First, the existence of a connection between two factoids can change (perhaps dramatically) the weight associated with both of them. So, theoretically at least, the potential association between each pair of factoids should be explored. In complexity terms, the number of comparisons is quadratic in the number of factoids: if there are 100 factoids, the  there are 100×100 possible connections. Calculations that have complexity quadratic in the size of their inputs are just on the boundary of the practically doable — possible for small numbers of inputs, but taking too long for larger numbers of inputs. For 1,000,000 factoids per day, the number of pairwise connections to check is 1,000,000,000,000,  just doable on special-purpose hardware at a central site. In practice, I suspect that only a smallish subset of these connections are actually considered in real-time, so there is now the possibility of failing to connect two dots just because there are a lot of dots and therefore a lot more possible connections.

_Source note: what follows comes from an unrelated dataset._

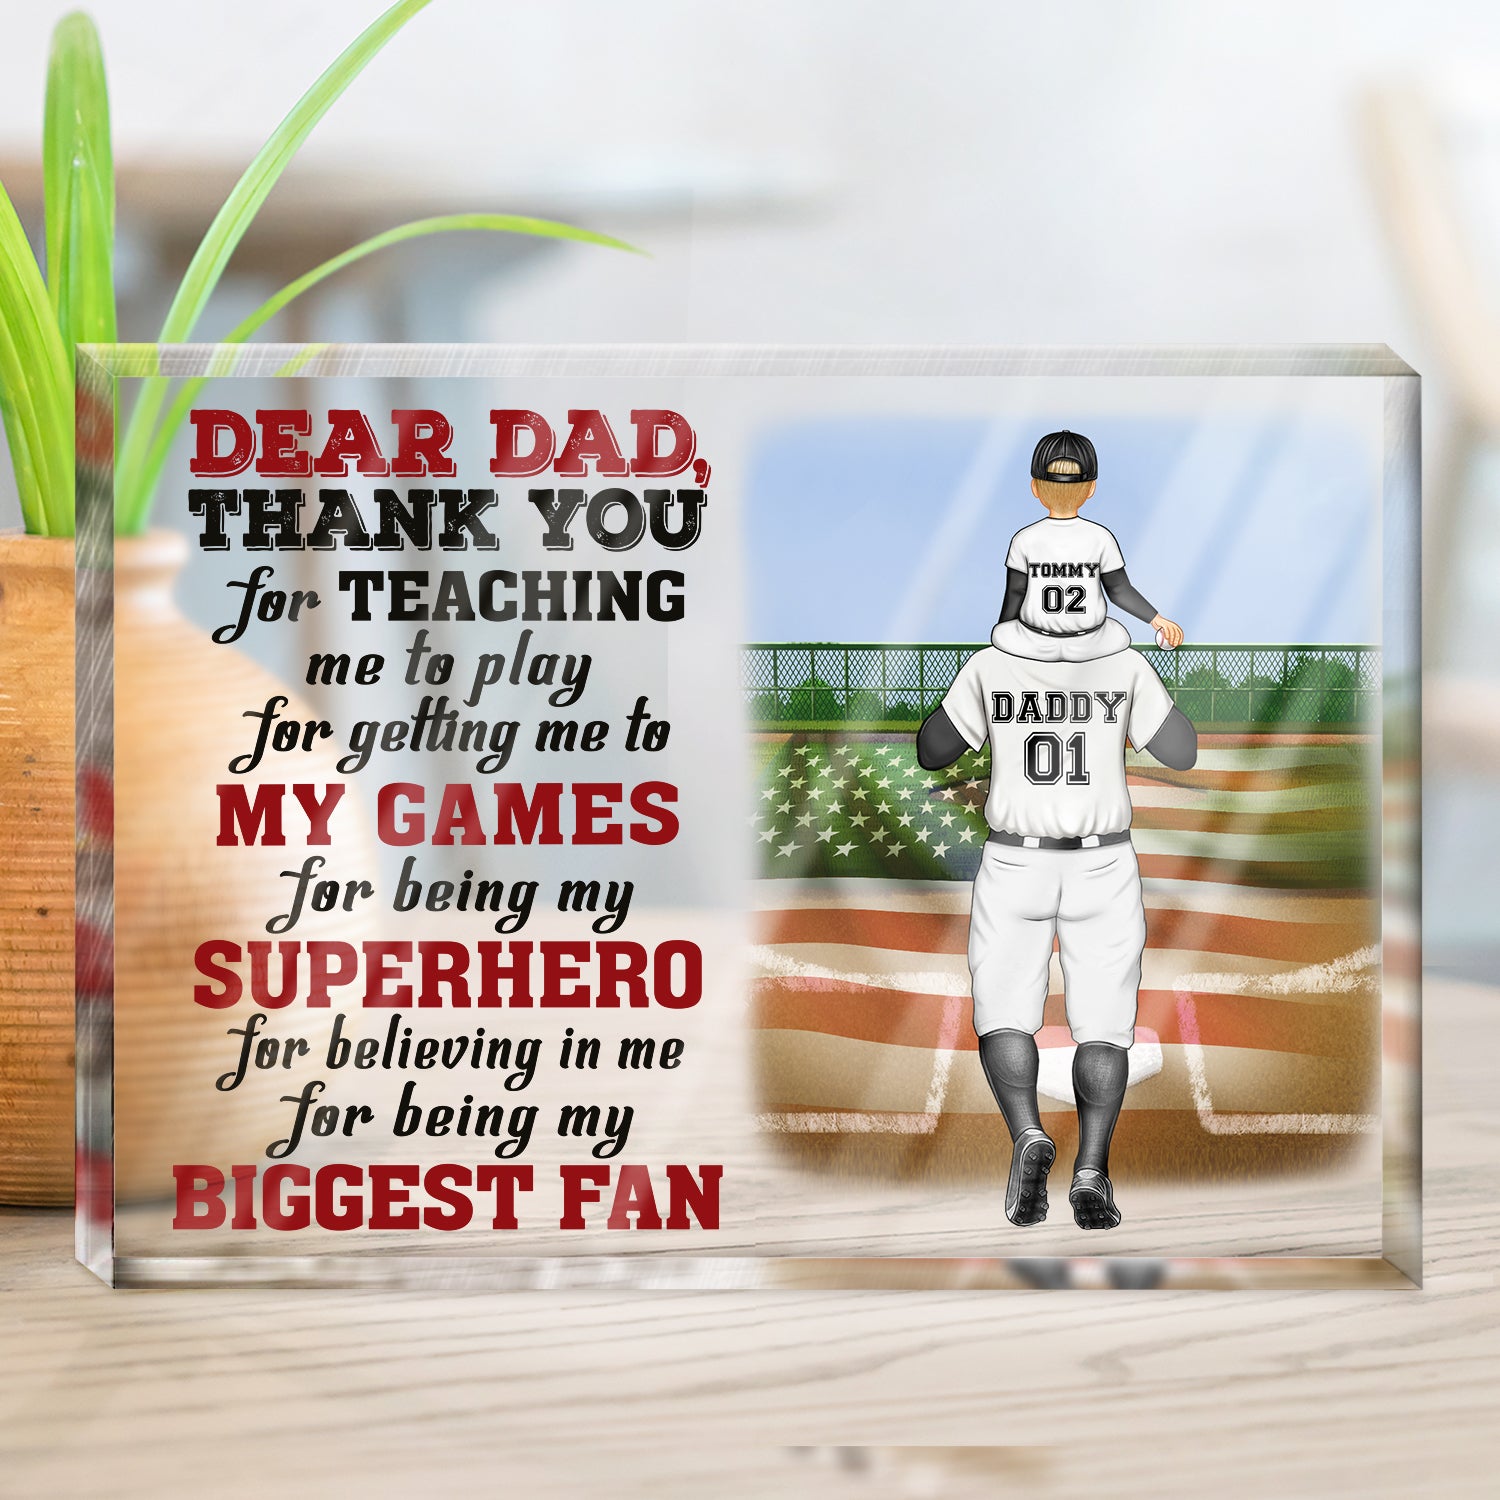 Dear Dad Thank You For Teaching Me - Birthday, Loving Gift For Baseball, Softball Fan, Father - Personalized Rectangle Shaped Acrylic Plaque

It gets worse. When a new connection changes the weights of the factoids that it connects, these changed weights now affect other factoids to which they are connected; and these in turn propagate a changed weight to the factoids to which they are connected; and so on. In other words, discovering a new connection between two factoids can alter the perceived weight of many, even all, of the other factoids. This means, among other things, that it’s hard to work with just part of the graph, because a change made somewhere else can radically change the meaning of the part.

It gets even worse. The connections themselves, and aggregates of the connections, can become meta-factoids. For example, the fact that person A communicates with person B via phone but person B communicates with person A by email is potentially a useful factoid, revealing something about the communication infrastructure each has access to, their attitudes to it (perhaps their perception about security risks of different technologies), and even that they are trying to communicate covertly (since most people communicate symmetrically). The connections between factoids create a web or graph whose structure at many different levels can reveal relationships among the factoids that change their individual significance.

The bottom line is that it’s extremely hard to find sets of dots with interesting connections. Part of this is the sheer complexity of the data structure and the algorithms that would be required. But we actually don’t know much about the useful algorithms. These webs or graphs have many emergent properties. If we understood them, there are surely ways to focus attention on only parts of the data that have the greatest potential to lead to interesting factoids and connections. Network science is emerging as a new area of research where exactly these kinds of questions are being explored, but it is in its infancy, and we know only the most rudimentary properties of such structures: the common appearance of power laws, preferential attachment as a construction mechanism, some measures of importance of nodes within a graph, and so on. But the big theories remain elusive.